Papers, Please tells a compelling, interactive story using its mechanics.

To a degree, it’s inevitable that this outlook supports “experimental” titles that don’t really fall into the bounds of “games.” It’s not a medium they’re capable of properly digesting, so content has to be restricted to something they can process. Funny, you never hear the opposition supporting non-narrative films, but they do support games that are top-heavy with narrative. It’s not actually about something “new” or “better.” It’s about something “different.” Labeling it “experimental” is the only way it can get a pass in the wrong industry. If held to the standards of a medium it actually belonged in–one with Narratological standards–it’d fall apart.

Ultimately what these ideas boil down to is an overarching philosophy called Anti-Humanism. This social theory comes as a reaction to Humanism, and the belief that it was too idealistic. While Humanism is all about free will, placing humanity and human actions at the center of life, and using rationality and reason alone to reach moral decisions, Anti-Humanism detaches humanity from inherent meanings (via Post-Structuralism) to “de-center” subjects and remove their agency. In other words, you yourself lack free will, since you’re a product of the world around you, and working towards an ideal self is futile. Interestingly, Nietzsche (credited as a “founder” of Existentialism, a philosophy that places great emphasis on human agency and the absurdity of life) often criticized humanism for being a form of “secular theism.” Anti-humanism finds itself equally religious in practice, but with a much more oppressive set of goals.
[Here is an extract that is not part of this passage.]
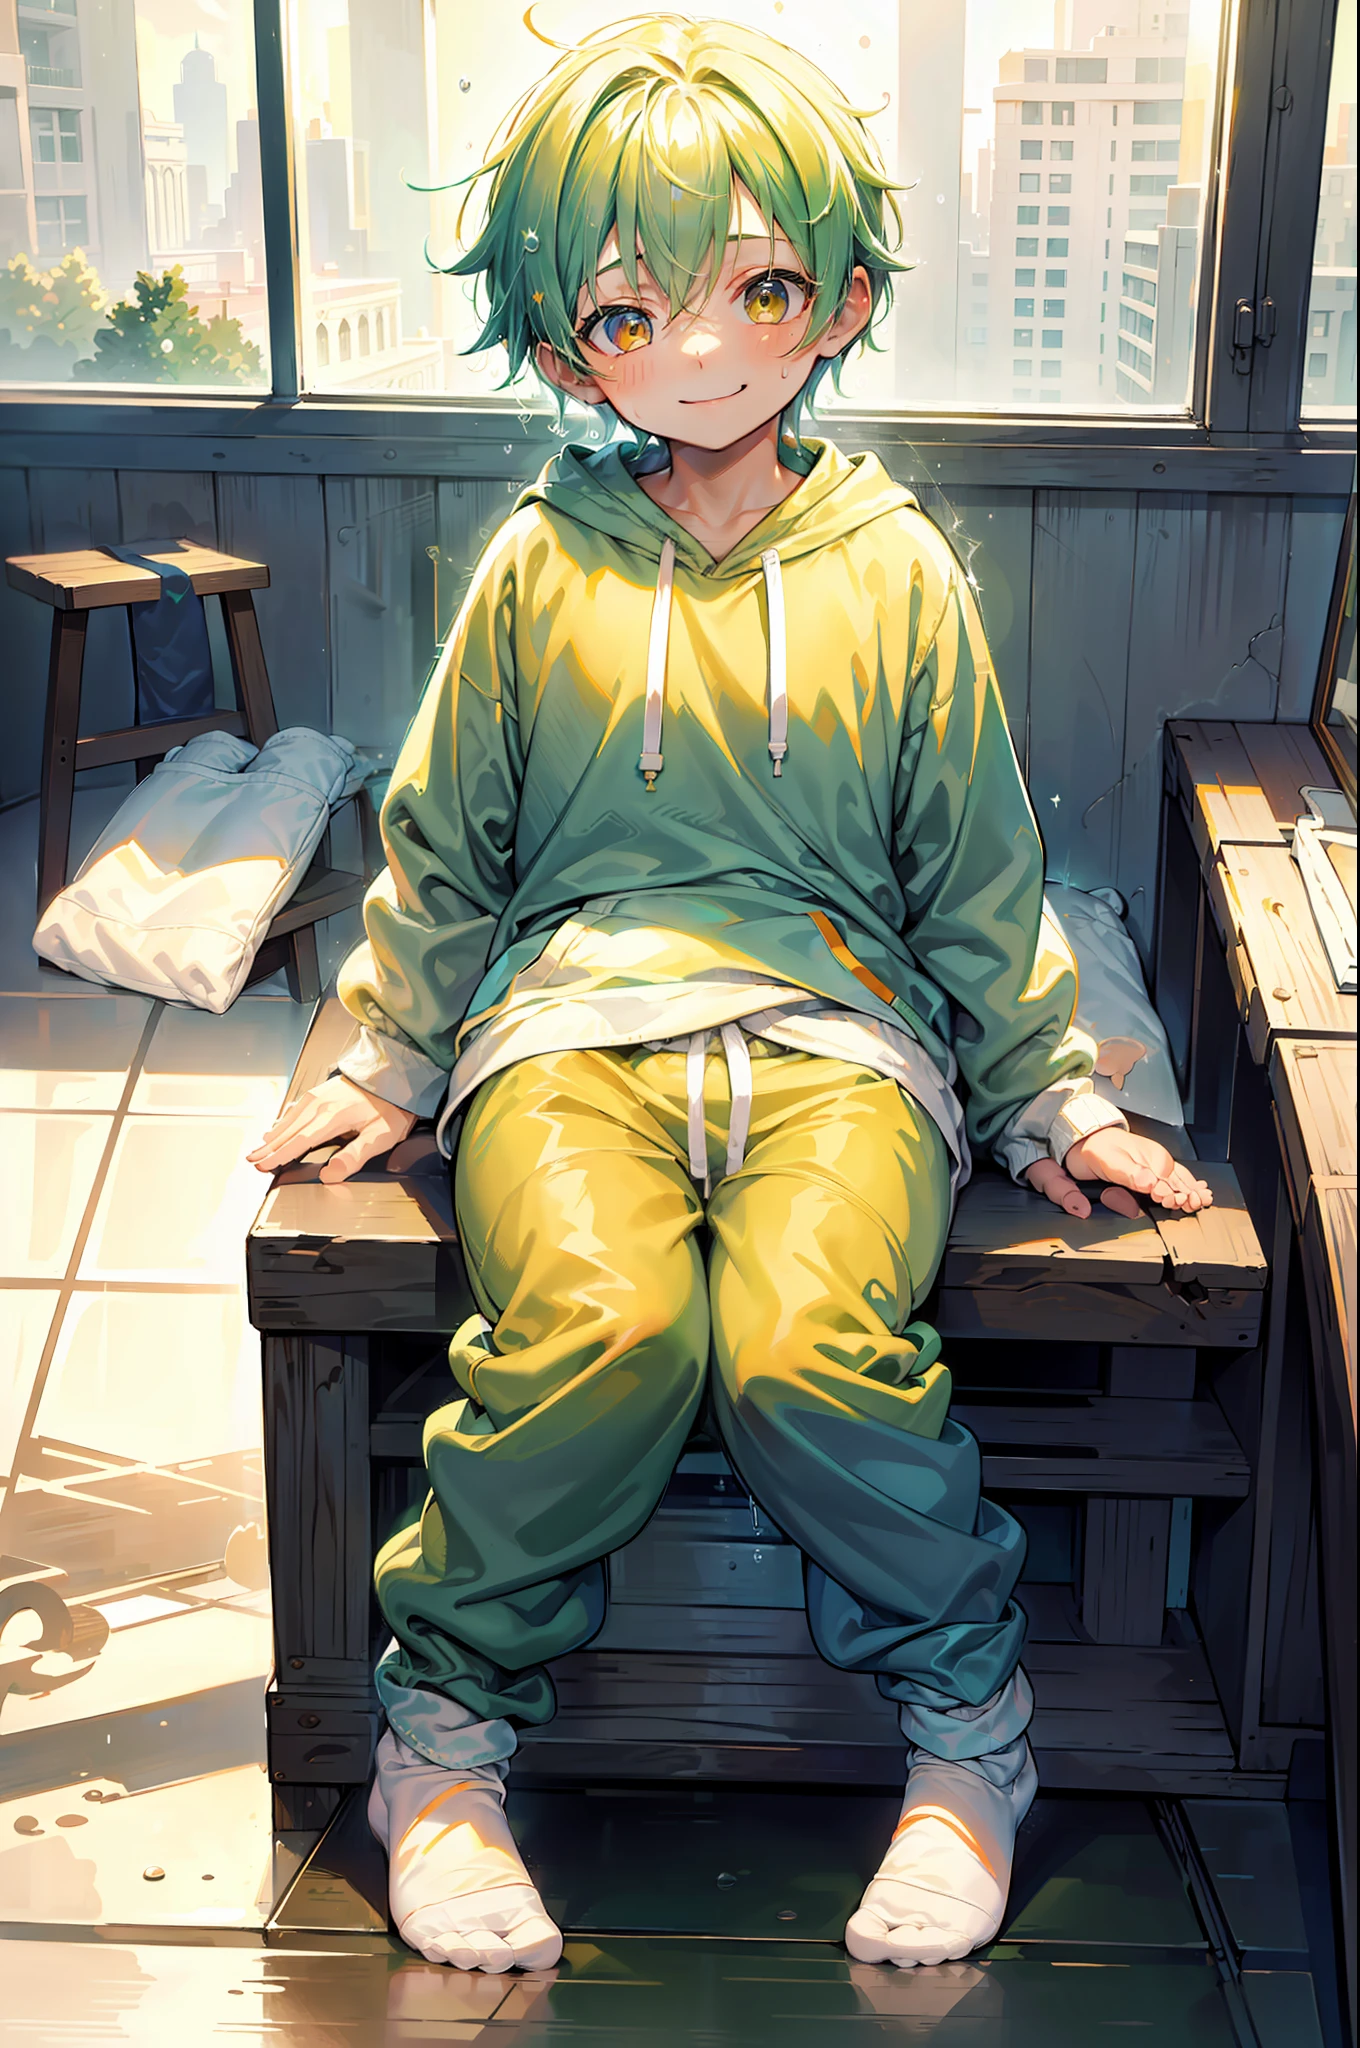 Masterpiece, chubby Little boy with green hair and shiny bright orange colored eyes and small socks wearing a hoodie, and oversized sweatpants sitting in a his room, raining outside window, young, boy, , small, toddler, soft light, (sweatpants:1.4), (undersized socks:1.4), (Boy:1.4), (Shota:1.4), (Young:1.4), (Male:1.4), (smiling:1.4), (foot:1.4), (shy:1.4), (pastel:1.0), (colors:1.0), (cute colors:1.0), (divine:1.0),

Gaming is the natural enemy of anti-humanism. When you play games, you yourself have personal agency. Only a player truly has free will inside of a game. You are playing by a ruleset, but you have choice within that ruleset, and likely have goals and motivations. These are informed by your situation and by the gameplay systems, but some of the highest-praised games have allowed you to set your own criterion for success, and provided you with a system open enough to facilitate that. Many strategy and 4X games are good examples of that. The belief that all humans are free and equal is a core tenet of Humanism, which Anti-Humanists reject.

The idea that the average individual has agency, of course, is anathema in the world of the Social Justice Warrior. Because then he would be responsible for his actions… and his failures.